Medicaid Home And Community-Based Services

About 5 million people receive Medicaid home and community-based services (HCBS). Since state Medicaid budgets will be impacted severely by OBBBA, some may sharply curtail or even end HCBS, because it is optional under existing Medicaid law.  This would be a devastating loss for many low-income older adults and individuals with disabilities wishing to remain in their own homes, since HCBS promotes independence by providing personalized support like personal care, homemaker services, and case management, allowing individuals to avoid nursing homes or isolated facilities. HCBS delays institutionalization and lowers formal care costs, with analyses confirming better outcomes at reduced expense compared to institutional care.  A 2021 AARP survey showed that 77 percent of adults 50 and older want to remain in their homes for the long term — a number that has been consistent for more than a decade.

Nursing Home Staffing Standards

OBBBA effectively scrapped the Biden Administration’s nursing home staffing minimum rule by imposing a 10-year moratorium on it.   The rule would have required nursing homes to provide 3.48 total nursing hours per resident day (with specific Registered Nurse and aide breakdowns) and 24/7 onsite RN coverage.  Had it been implemented, the rule had been estimated to save 13,000 lives annually by improving care quality.   The National Committee strongly supports the nursing home staffing standards particularly since many for profit nursing homes have sharply cut nursing staff, which has endangered patients.

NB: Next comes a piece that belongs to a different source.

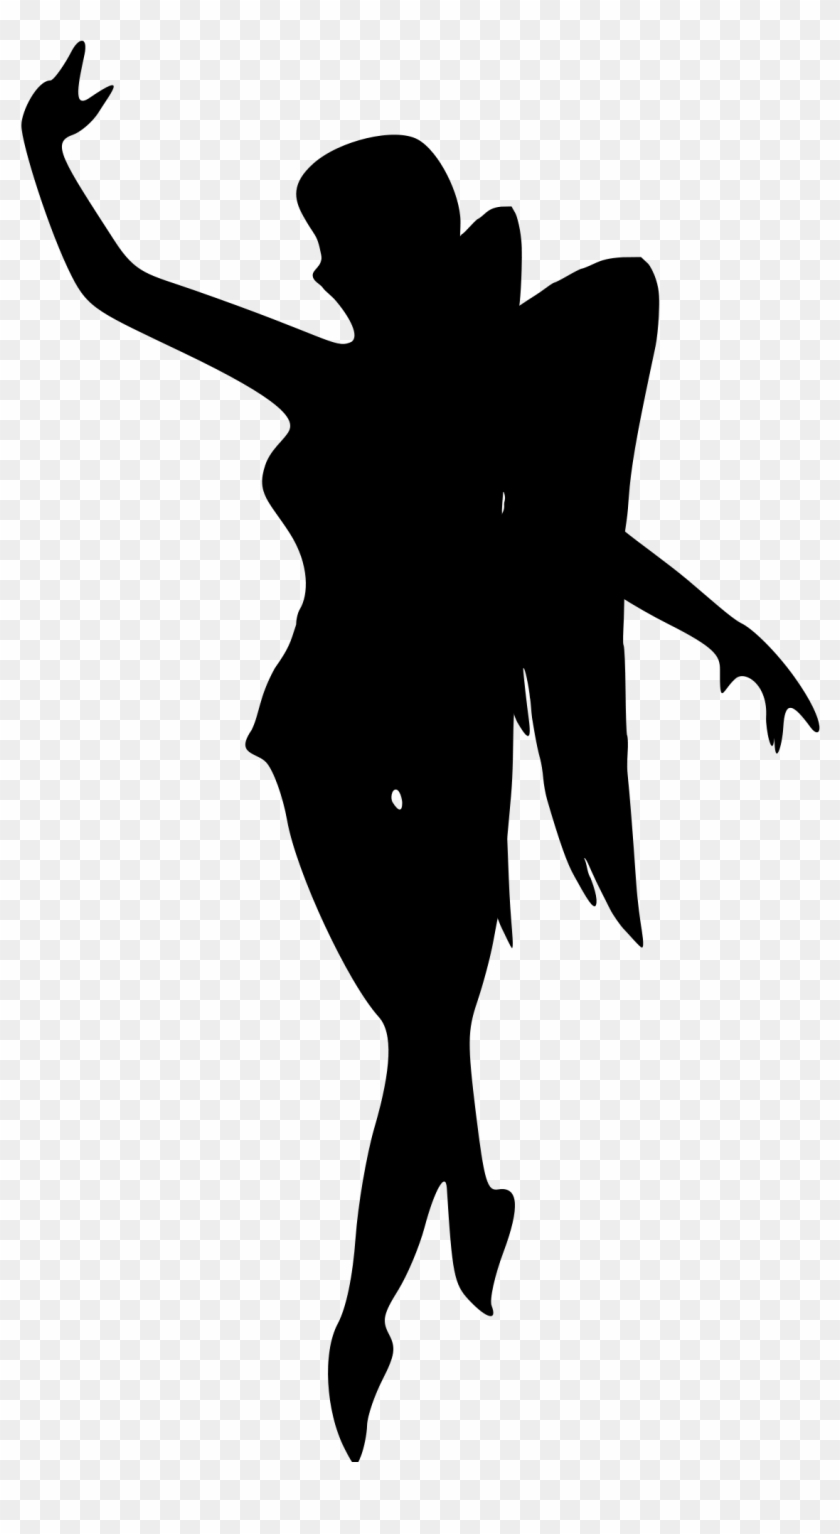 File - Fée2 - Svg - Fairy Silhouette Afro #1000662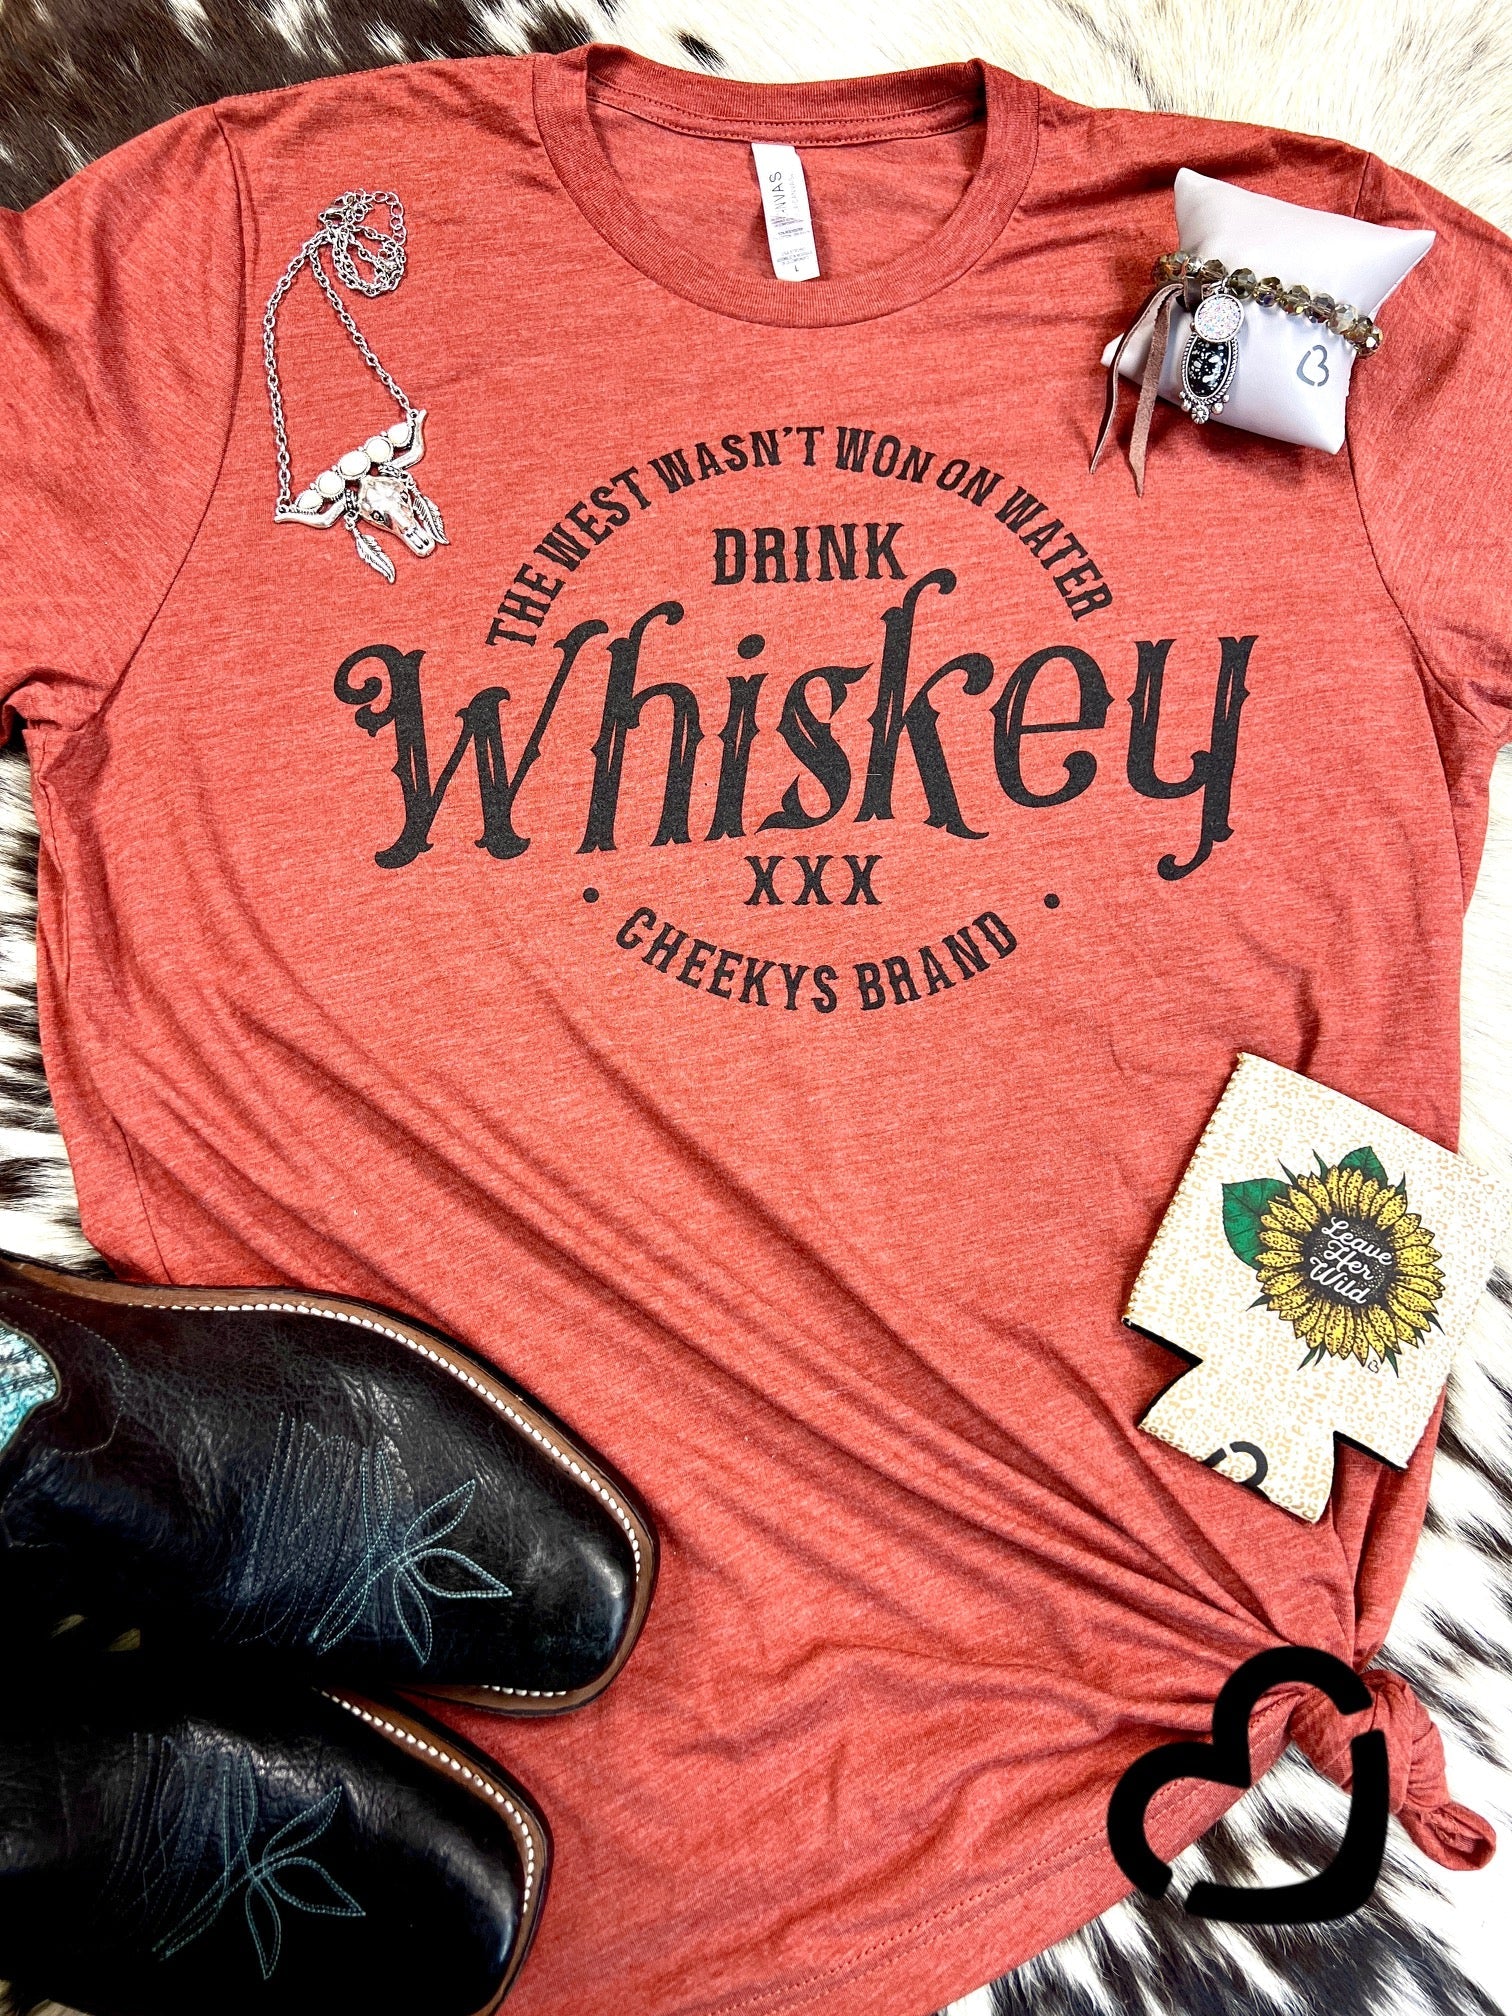 The West Wasn't Won on Water Drink Whiskey Unisex Tee on Rustic Poppy Cheekys Apparel 23

NATIONAL COMMITTEE POSITION

The National Committee strongly opposed the OBBBA and supports repealing provisions in the law that will lead to millions of Americans losing their Medicaid health care and long-term care coverage.  Future Medicaid reform must ensure home and community-based care is a required service.  In the meantime, we support writing of the OBBBA implementation rules that will make work requirements and increased applications less burdensome to beneficiaries.